What is a positive economy?

The positive economy is a social science based on factual analysis and cause and effect that avoids valuable judgments, opinions or moral and ethical claims. Unlike the normative economy that subjectively emphasizes what it should be, positive economics states what is, what was, or what will probably be in a way that can be tested for accuracy. For example, a statement "Reduction of interest rates will encourage consumers to spend" can be considered positive, while "the government should regulate the cost of food to feed the poor" is a normative economic statement. The first is a neutral statement based on facts that can be demonstrated with observable evidence, while the second is a subjective statement presented as an emotional attraction.

The reason why the economic situation has developed is a typical focus of the positive economy.

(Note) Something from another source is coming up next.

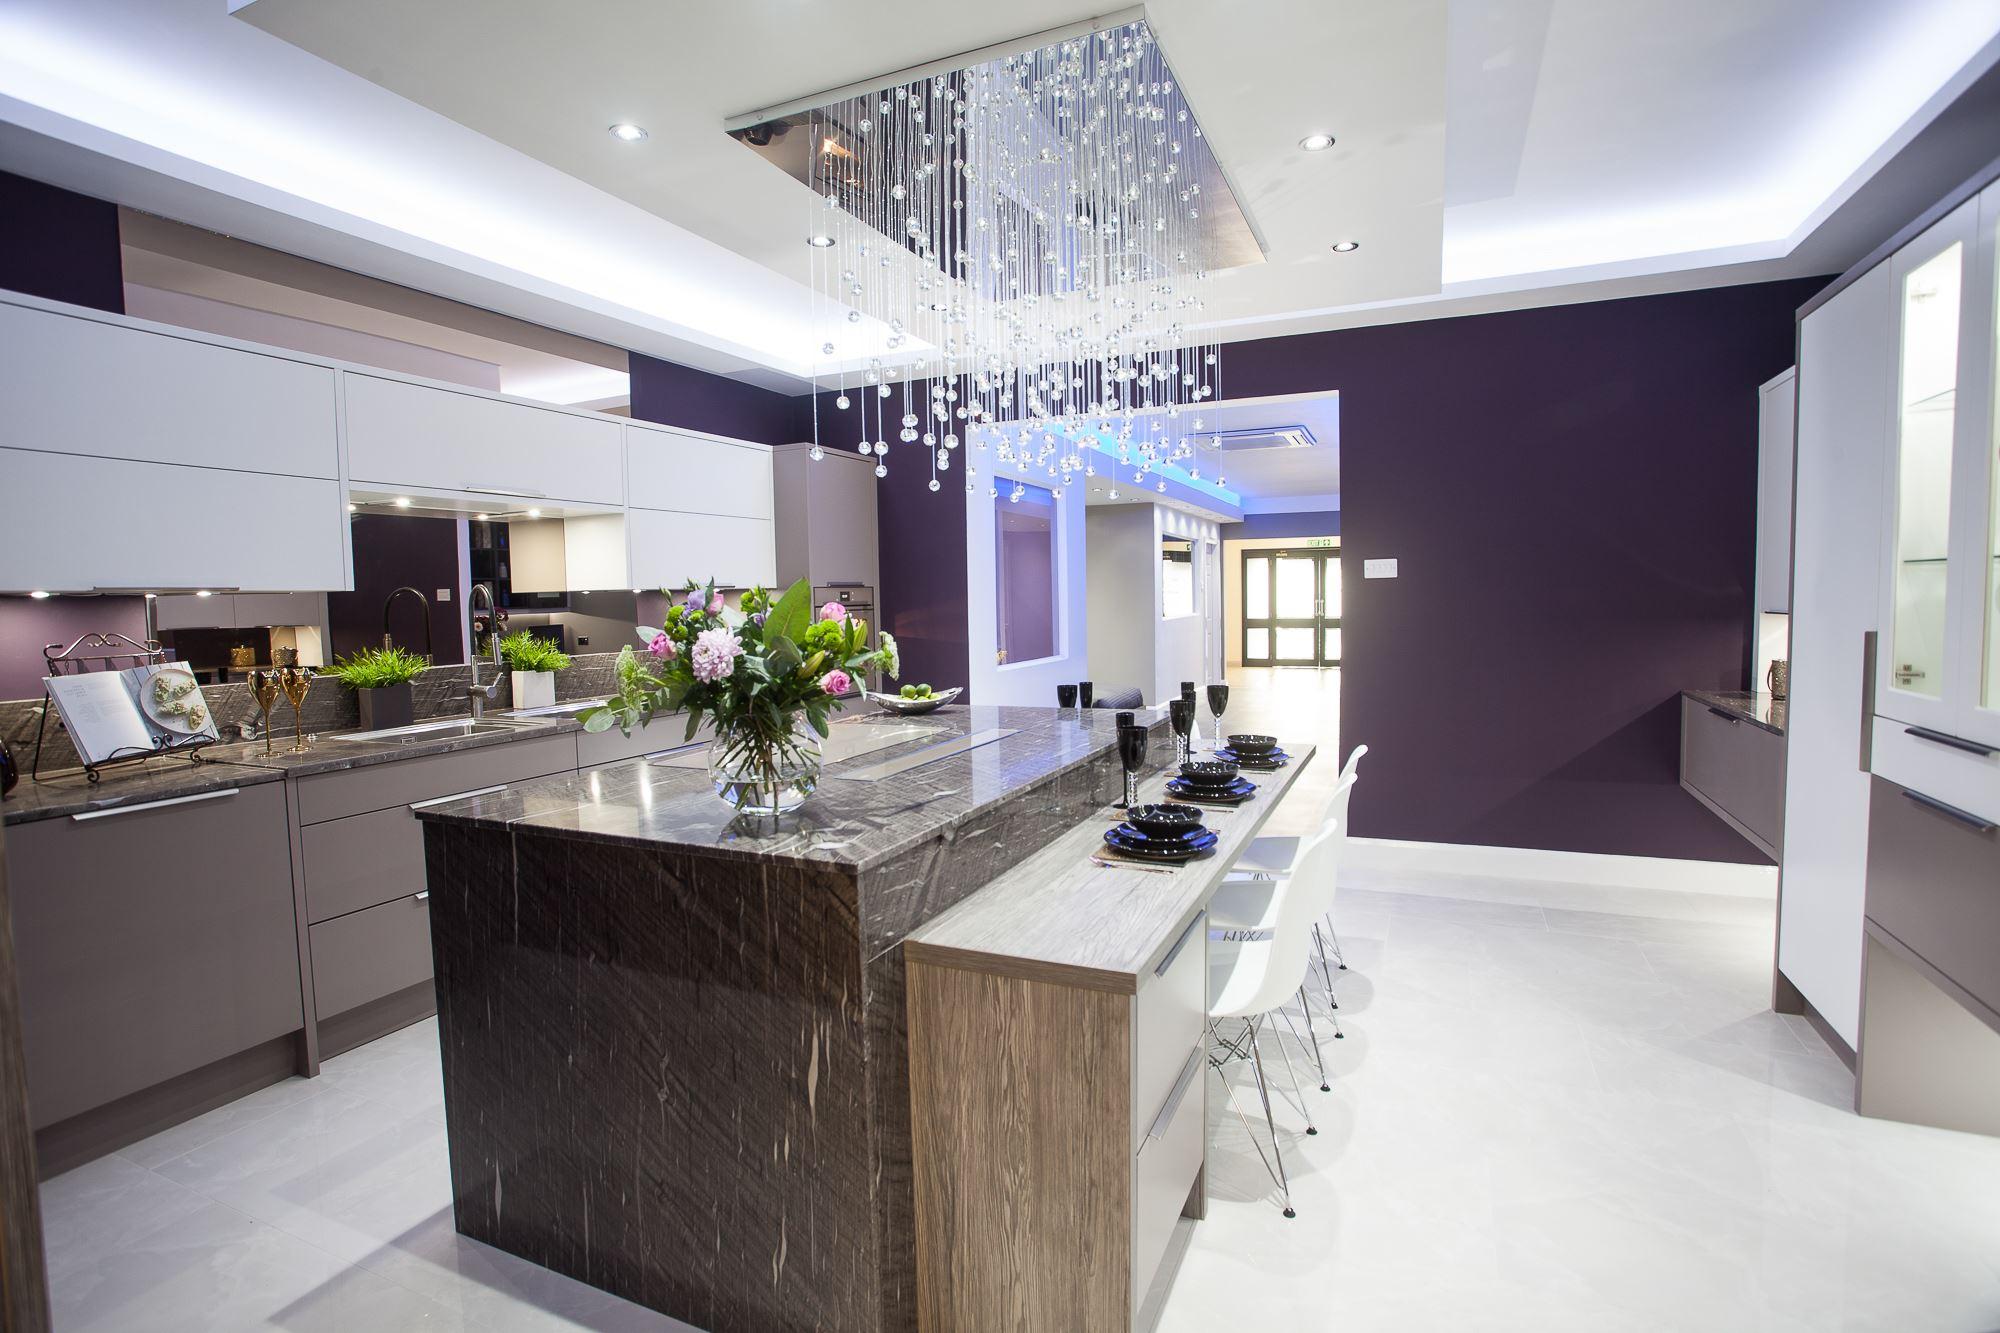 Cavendish KBB – Luxury kitchens, bedrooms and flooring

If the price of commodity has suddenly decreased or has increased significantly in a few months or a year, a positive economist wouldtried to determine the factors that affected the price. On the other hand, a normative economist may indicate what policy should be adopted to reverse the effects of price increase or decrease.

Positive economists also help to determine the likely consequences of new economic policy or change of policy, such as tax increases. One of the most common tools used for such an evaluation is called cost analysis. The cost analysis compares the total cost of the company with expected benefits. Other related tools for evaluation include the analysis of economic impacts, analysis of fiscal impacts and analysis of cost efficiency.

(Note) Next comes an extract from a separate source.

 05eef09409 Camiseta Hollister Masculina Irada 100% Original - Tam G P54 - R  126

Although the positive economy can help to predict the results of economic policy through statistical methodology and theory, positive economists do not intentionally seek changes in policy or to judge existing or earlier rules. Instead, they try to objectively solve ECOnomic problems by studying and testing evidence. Politicians and the general public are left to evaluate and choose what economic policies should be discarded, accepted or changed on the basis of results.

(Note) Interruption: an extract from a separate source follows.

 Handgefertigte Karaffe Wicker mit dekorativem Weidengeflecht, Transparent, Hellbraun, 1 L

The difference between the positive and normative economy was first elaborated by John Neville Keynes at the end of the 19th century and recently in the 1953 essay by Milton Friedman. Friedman assumed that as a science, a positive economy should address objective and observable statements. According to Friedman, the value of the theory of economics is determined by its accuracy as a predictor of future economic events and consequences.

The combination of positive and normative economic statements is commonly used in the media. Normative economic statements are preferred by political leaders who have economic problems or who want to influence economic policy. Positive economists emphasize the scientific aspect of a particular field and are limited to questions that CBI resolved with an observable cutterAZEM.